O rio Paraguai, que cruza o país ao meio na direção norte-sul, divide o território em duas grandes regiões praticamente distintas: a Região Oriental, onde mora a maioria dos habitantes do país; e a Região Ocidental, também conhecida como Chaco, uma planície baixa (altitude máxima de 100 m) coberta por pântanos e densas florestas de arbustos, praticamente desabitada e que se eleva imperceptivelmente a partir da margem ocidental do rio Paraguai até o Altiplano Boliviano. A grande planície, que ocupa também o sudeste da Bolívia e o nordeste da Argentina, constitui dois terços do território do Paraguai. Na margem oriental do rio Paraguai, o terreno eleva-se com poucos declives e é constituído por um relevo ondulado com colinas, florestas tropicais e pastagens férteis, onde as principais elevações são as serras de Amambay e Mbacarayú, que alcançam 700m de altitude acima do nível do mar. Na região sul-oriental, o terreno torna a descer, dirigindo-se ao vale do rio Paraná, que em alguns pontos banha os dois lados do Planalto do Paraná, o que favoreceu a instalação construtiva de represas e usinas hidrelétricas.
O clima do Paraguai é, em geral, subtropical, menos em alguns trechos da região do Chaco, com temperatura parecida à do Planalto Central Brasileiro, onde é quente e úmido. O país é cortado pelo trópico de Capricórnio ao centro, próximo a Concepción. A posição central e plana do Paraguai, praticamente em barreiras naturais, favorece os rápidos efeitos dos ventos quentes originários do Equador, e dos ventos frios que vêm da Argentina, causando variações térmicas acentuadas.
No verão, as temperaturas variam entre 26ºC e 33ºC, e no inverno entre 15ºC e 26ºC. A temperatura média é de 23ºC, enquanto que a máxima absoluta de 41ºC e a mínima é de 1ºC. A diferença entre a temperatura média do verão e a do inverno é de 6ºC. Uma das características do clima paraguaio é a alta temperatura sentida no verão, especialmente na região dos campos e do Chaco, e o frio intenso que ocorre no período do inverno.
São muito freqüentes e quase sempre abundantes as chuvas no território paraguaio. O tamanho do país tem influência na quantidade de chuvas, acentuando a estação seca especialmente na fronteira com Bolívia e Argentina. Pode-se considerar bem elevado o índice de chuvas no Planalto do Paraná, com 2.000 mm anuais. Na capital, Assunção cai para 1.300 mm e no Chaco para 800 mm. Os meses de concentração das chuvas são dezembro, janeiro e fevereiro, caindo durante os meses de inverno.

Rio Paraguai ao cruzar Assunção.
O Paraguai é um país interior e mediterrâneo, ou seja, não possui nenhuma saída para o mar, a não ser o rio Paraná e o rio Paraguai. A hidrografia do Paraguai é rica.
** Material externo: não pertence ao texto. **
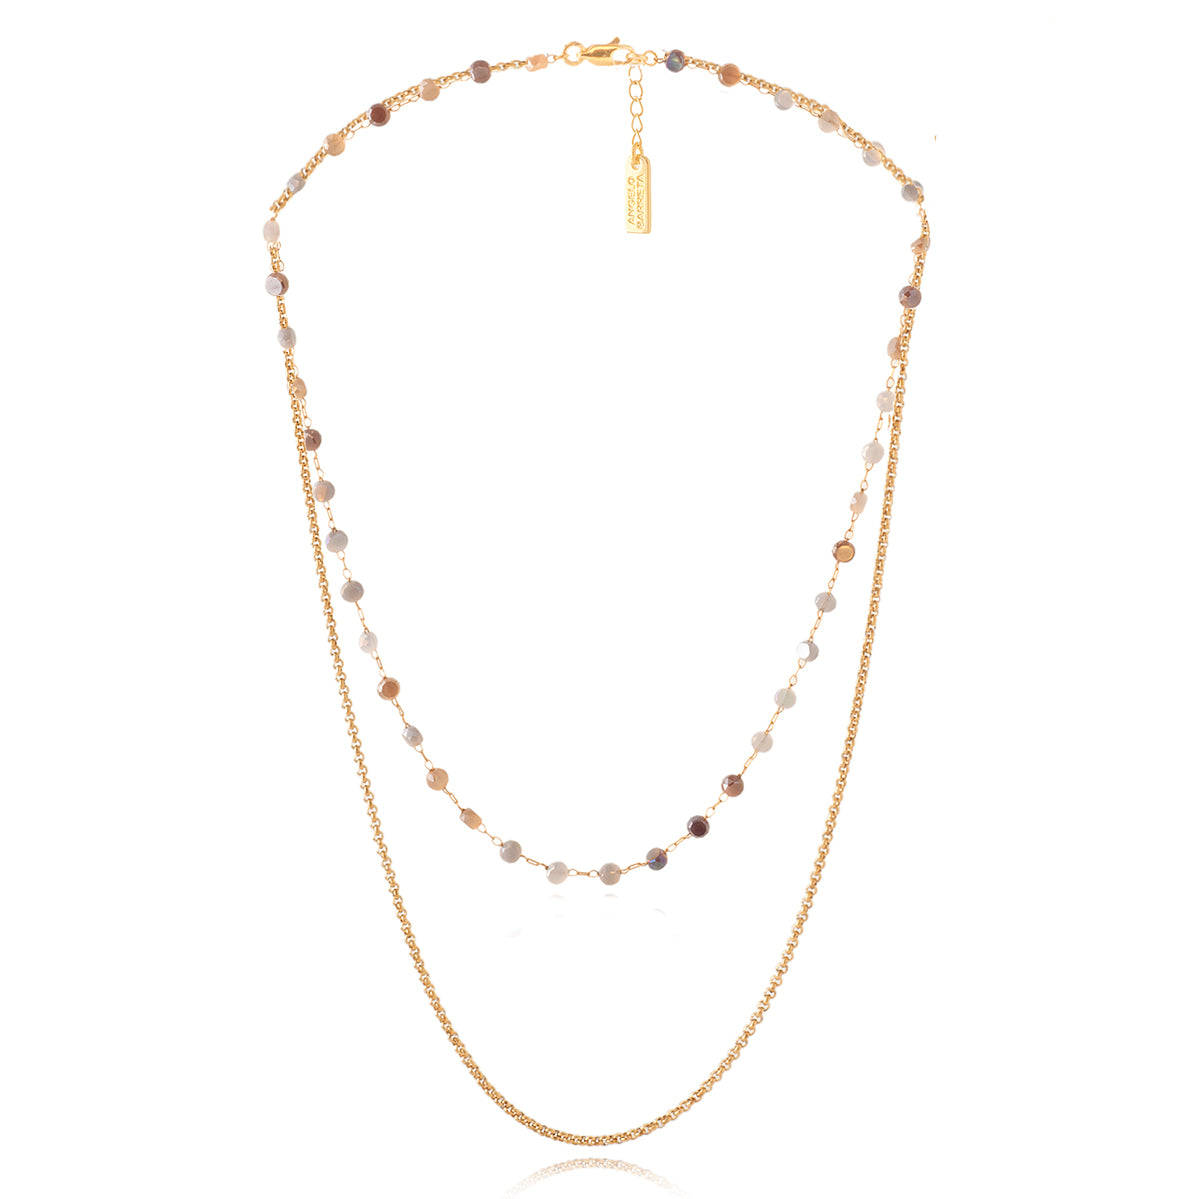 Gold Chain Double Row Necklace with Nude Glass Beads

Os três rios principais são:
O rio Paraná forma a fronteira sudeste do país e constitui a única saída do Paraguai para o mar. Através dele chega-se ao rio da Prata, que por sua vez estabelece contato com o oceano Atlântico. Cachoeiras e corredeiras são encontradas por quase 160 quilômetros, no trecho do rio Paraná que separa o Paraguai do Brasil.
O rio Paraguai liga Assunção, o principal porto do país, ao rio Paraná. É o rio que dá o nome ao país, por isso divide-o em duas partes: oriental e ocidental.
O rio Pilcomayo corre através do Chaco e traça toda a fronteira oeste com a Argentina. Os dois maiores lagos são o lago Ypoa e o lago Ypacaraí.